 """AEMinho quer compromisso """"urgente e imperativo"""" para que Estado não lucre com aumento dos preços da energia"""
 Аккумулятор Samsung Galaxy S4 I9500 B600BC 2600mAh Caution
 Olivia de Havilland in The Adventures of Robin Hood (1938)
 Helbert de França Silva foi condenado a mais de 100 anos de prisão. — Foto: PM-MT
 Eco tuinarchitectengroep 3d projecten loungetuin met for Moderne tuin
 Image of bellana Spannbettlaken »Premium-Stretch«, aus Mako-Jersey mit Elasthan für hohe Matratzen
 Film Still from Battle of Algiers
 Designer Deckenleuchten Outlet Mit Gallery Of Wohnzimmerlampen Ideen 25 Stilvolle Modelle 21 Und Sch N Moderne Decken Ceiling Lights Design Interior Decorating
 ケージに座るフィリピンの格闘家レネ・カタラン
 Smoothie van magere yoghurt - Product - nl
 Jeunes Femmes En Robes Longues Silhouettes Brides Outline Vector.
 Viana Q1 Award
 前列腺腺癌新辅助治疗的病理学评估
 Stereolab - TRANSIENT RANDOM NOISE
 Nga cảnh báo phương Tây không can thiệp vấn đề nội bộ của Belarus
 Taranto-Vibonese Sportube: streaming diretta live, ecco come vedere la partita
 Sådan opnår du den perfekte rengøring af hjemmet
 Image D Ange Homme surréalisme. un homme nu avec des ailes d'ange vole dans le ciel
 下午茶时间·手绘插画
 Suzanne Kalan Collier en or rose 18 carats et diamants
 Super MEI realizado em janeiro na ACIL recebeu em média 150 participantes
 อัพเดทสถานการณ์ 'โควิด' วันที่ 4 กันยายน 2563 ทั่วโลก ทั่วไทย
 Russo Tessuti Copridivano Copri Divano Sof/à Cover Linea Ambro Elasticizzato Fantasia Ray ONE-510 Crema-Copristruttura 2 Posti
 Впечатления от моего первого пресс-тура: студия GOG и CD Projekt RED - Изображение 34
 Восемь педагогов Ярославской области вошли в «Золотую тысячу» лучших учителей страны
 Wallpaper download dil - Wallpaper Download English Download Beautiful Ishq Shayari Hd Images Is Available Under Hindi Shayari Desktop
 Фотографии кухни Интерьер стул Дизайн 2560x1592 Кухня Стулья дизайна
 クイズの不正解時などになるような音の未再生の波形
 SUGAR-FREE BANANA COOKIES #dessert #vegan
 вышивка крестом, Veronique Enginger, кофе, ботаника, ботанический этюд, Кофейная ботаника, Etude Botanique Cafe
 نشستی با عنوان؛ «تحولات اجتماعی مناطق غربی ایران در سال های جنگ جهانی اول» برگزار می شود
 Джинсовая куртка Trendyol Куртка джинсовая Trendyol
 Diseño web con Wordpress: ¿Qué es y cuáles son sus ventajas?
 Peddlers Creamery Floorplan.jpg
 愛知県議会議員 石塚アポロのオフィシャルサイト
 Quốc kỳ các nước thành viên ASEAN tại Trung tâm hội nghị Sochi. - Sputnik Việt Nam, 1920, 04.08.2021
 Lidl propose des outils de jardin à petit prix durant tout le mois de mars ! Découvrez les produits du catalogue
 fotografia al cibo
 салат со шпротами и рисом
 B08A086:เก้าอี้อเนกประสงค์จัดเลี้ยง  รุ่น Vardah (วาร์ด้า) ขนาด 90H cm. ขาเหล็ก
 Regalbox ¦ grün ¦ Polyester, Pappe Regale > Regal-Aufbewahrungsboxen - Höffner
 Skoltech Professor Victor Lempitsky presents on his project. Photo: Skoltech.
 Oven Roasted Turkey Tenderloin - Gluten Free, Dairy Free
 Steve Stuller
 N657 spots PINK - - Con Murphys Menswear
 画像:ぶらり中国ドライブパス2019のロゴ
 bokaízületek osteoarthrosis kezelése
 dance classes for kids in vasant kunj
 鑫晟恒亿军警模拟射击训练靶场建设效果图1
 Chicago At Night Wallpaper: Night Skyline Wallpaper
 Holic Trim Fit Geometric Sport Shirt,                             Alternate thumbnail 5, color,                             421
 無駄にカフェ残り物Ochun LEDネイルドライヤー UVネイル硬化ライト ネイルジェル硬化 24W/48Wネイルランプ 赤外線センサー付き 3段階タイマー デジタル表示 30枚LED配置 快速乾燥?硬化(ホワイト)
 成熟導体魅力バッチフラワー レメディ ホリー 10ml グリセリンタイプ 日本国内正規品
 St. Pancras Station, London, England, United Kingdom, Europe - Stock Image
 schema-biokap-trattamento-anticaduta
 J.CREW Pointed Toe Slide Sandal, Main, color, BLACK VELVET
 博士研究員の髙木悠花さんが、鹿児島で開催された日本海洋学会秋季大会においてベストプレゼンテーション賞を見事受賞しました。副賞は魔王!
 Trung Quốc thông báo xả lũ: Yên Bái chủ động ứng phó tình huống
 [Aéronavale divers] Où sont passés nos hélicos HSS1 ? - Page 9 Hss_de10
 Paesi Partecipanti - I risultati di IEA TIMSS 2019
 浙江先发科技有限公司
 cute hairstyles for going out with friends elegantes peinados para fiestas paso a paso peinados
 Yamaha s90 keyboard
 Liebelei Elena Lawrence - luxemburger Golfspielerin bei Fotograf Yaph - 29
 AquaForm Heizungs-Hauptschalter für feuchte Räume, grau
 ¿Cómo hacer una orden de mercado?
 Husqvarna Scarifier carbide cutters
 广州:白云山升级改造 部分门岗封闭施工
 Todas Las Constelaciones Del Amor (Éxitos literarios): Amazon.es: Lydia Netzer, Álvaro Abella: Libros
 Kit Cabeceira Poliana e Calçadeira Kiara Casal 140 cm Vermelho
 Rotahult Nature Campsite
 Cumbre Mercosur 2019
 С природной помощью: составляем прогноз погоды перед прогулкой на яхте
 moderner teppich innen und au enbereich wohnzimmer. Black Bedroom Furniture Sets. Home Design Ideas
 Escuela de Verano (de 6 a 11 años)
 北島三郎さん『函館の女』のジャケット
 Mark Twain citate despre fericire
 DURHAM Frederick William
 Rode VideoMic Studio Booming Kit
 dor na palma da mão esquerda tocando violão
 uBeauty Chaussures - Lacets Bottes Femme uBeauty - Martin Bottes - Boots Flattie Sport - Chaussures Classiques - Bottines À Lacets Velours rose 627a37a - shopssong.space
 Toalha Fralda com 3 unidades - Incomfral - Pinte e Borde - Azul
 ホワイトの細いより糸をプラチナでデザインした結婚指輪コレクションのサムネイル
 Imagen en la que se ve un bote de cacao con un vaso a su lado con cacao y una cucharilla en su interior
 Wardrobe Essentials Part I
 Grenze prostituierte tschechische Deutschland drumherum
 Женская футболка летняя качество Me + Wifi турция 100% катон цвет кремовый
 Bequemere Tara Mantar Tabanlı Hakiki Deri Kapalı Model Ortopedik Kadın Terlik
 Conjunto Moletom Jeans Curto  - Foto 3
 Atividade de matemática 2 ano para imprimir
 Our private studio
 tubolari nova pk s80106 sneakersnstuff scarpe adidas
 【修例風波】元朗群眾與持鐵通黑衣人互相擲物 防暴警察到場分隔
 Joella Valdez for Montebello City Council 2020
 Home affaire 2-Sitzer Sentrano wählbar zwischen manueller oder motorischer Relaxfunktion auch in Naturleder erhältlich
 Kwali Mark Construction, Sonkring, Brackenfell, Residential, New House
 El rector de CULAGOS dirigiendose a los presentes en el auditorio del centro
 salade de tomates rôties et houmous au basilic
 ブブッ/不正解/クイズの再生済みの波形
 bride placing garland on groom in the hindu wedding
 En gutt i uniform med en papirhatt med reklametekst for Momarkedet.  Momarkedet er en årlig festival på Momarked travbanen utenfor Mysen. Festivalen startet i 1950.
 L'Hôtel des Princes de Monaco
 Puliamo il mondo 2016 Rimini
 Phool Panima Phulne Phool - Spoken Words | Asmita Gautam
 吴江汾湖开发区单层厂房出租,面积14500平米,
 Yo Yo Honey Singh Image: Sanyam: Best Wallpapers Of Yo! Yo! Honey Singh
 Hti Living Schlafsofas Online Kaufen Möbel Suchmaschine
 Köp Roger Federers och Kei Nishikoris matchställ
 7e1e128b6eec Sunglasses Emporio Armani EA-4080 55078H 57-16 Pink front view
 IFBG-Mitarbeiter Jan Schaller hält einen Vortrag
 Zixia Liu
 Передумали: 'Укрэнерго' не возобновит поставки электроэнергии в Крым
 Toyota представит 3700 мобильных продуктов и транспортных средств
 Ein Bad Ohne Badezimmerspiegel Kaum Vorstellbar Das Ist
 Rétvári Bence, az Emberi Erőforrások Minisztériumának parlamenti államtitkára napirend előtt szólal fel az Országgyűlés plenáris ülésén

ABOUT THIS EXERCISE
Go through the records above and, whenever a line includes the word "color", copy it.

ANSWER FOR THIS EXERCISE
 Holic Trim Fit Geometric Sport Shirt,                             Alternate thumbnail 5, color,                             421
 J.CREW Pointed Toe Slide Sandal, Main, color, BLACK VELVET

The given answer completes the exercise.